I would approach this project in two steps, and step one would be moving the code/systems to modern pc type platforms, but ONLY the existing functionally *with* improved software designs. Not only would this get us off the old system, but you would now have a hardened developer team that understands the current system! The developer teams would now understand all of the intricacies of the current problem, and difficulty with writing the kind of process control system software that needs to be implemented. You must learn to walk before you fly. After all, I can’t place a ad in the paper for a space shuttle software writer...can I!!! Once the teams get a handle on the quality and the demanding rigors of this control software, then the next step would be to further improve, and expand the system. This process would further result in a battle hardened team ready the next phase in the software. I certainly would not re-do all the software like a big bang that will blow up in your face! This kind of stuff must be done in a incremental fashion, there is no other way. Just the testing involved here can kill this type of project real easy. Also, the KISS principle has to used here.

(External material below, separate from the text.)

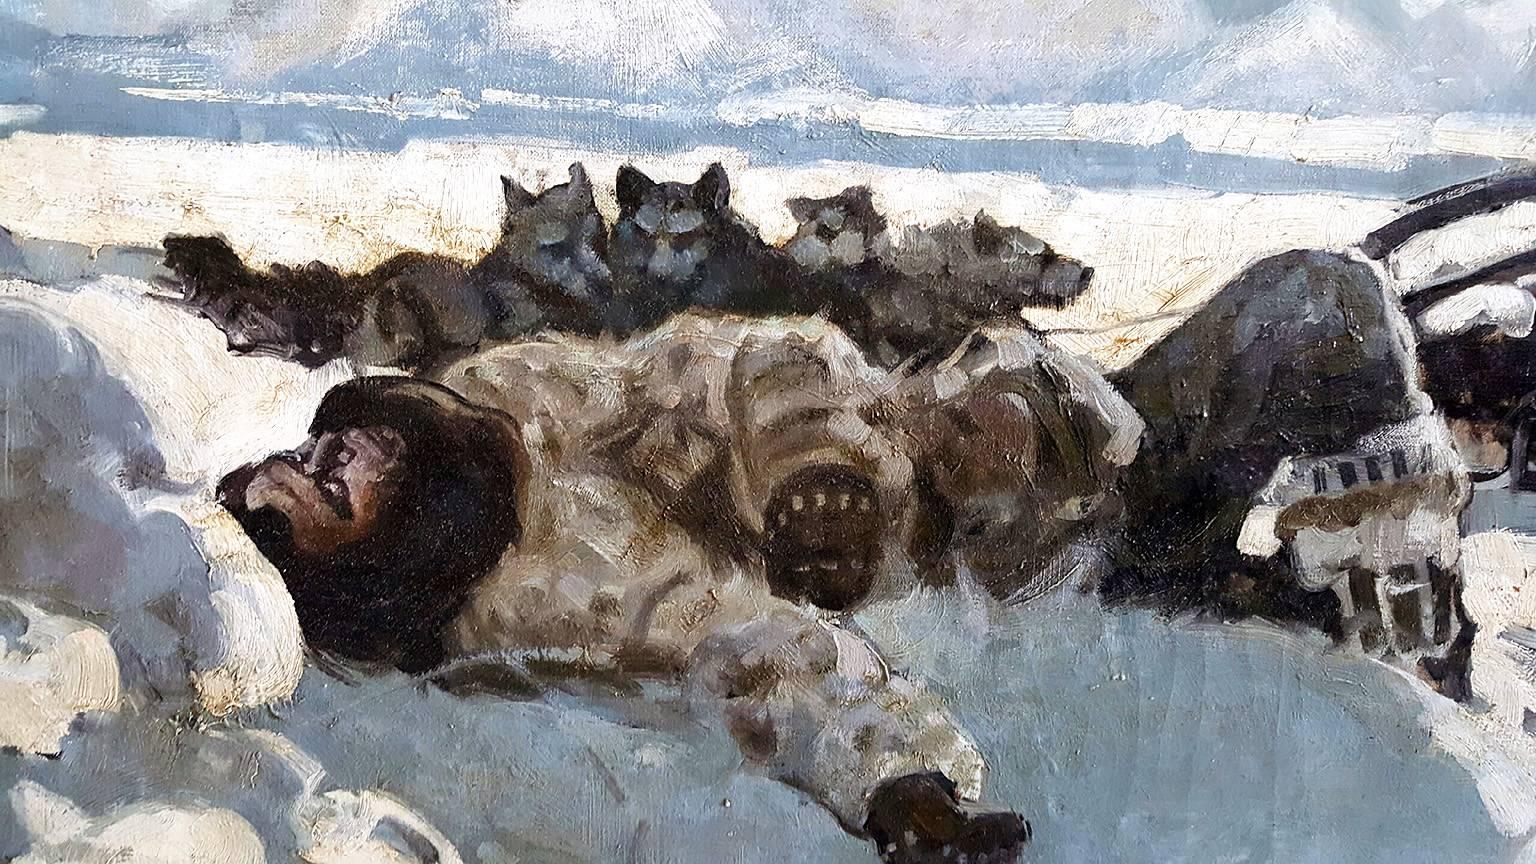 Alaskanische Husky-Hunde  - The Howl of the Malamute - Herren-Abenteurergeschichte (Grau), Landscape Painting, von Dan Content

Darn, why can’t they let me manage this project!

More incredible is this is the 2nd attempt to re-write this software, and the previous time they also flushed 100 mil down the tubes..lots of big bucks.

Man..what a joke.

Albert D. Kallal
Edmonton, Alberta Canada
Kallal@msn.com

Albert D. Kallal
Wednesday, September 18, 2002

More thoughts...

"As of September 1998, approximately $60 million had been spent and about 50 percent of the system software and 10 percent of the applications software had been developed."

I wonder what they mean by "System Software" - did they try to create their own OS, thinking Windows/Unix is not good enough for them?


"could also facilitate future computer-intensive shuttle upgrades, such as an integrated vehicle health management system. "

feature creep.


"CLCS is a large, distributed, heterogeneous computer project involving the development of more than 3 million lines of new software, much of it automatically generated."

Ah ha! Automatically generated code. What a big surprise.


"management believes the predicted level of software productivity can be achieved with the aid of software generation tools. "

Nuff said.

AEB
Wednesday, September 18, 2002

From the things Joel discussed in his article he has overlooked the engineering prospect of it. I don't think 273M was spent for rewriting code. There are various hardware associated with it. Like its 1970's vintage they used vacuum tubes and stuff like that now they have to re-engineer them to use silicon based stuff with it comes new challenges. In short many numerous such things are to be re-organised or to be re-engineered to put it into that vintage guy.
Plus the safety aspect is u have to test all the systems and their unknown problems. Plus this system is goin to space so how do these components react to space. All this increase the complexity. The worst part it that NASA guys must have seen it coming at day one.
I think their decision must have been based on these reasons. And Joel talking about emulators and VB etc etc is does not make any sense. His argument about why they are using these stuff is they WORK and give results. But unfortunately they are not extendible.

Cooler
Wednesday, September 18, 2002

OOPS sorry about the space thing. I must have interpreted the article wrongly.

Cooler
Wednesday, September 18, 2002

Phillip Greenspun seems to sum this up best:

<QUOTE>
After three decades of shelling out for magic programming bullets that failed, you'd think that corporate managers would give up. Yet these products proliferate. Hope seems to spring eternal in the breasts of MBAs.

My personal theory requires a little bit of history. Grizzled old hackers tell of going into insurance companies in the 1960s. The typical computer cost at least $500,000 and held data of great value. When Cromwell & Jeeves Insurance needed custom software, they didn't say "maybe we can save a few centimes by hiring a team of guys in India". They hired the best programmers they could find from MIT and didn't balk at paying $10,000 for a week of hard work. Back in those days, $10,000 was enough to hire a manager for a whole year, a fact not lost on managers who found it increasingly irksome.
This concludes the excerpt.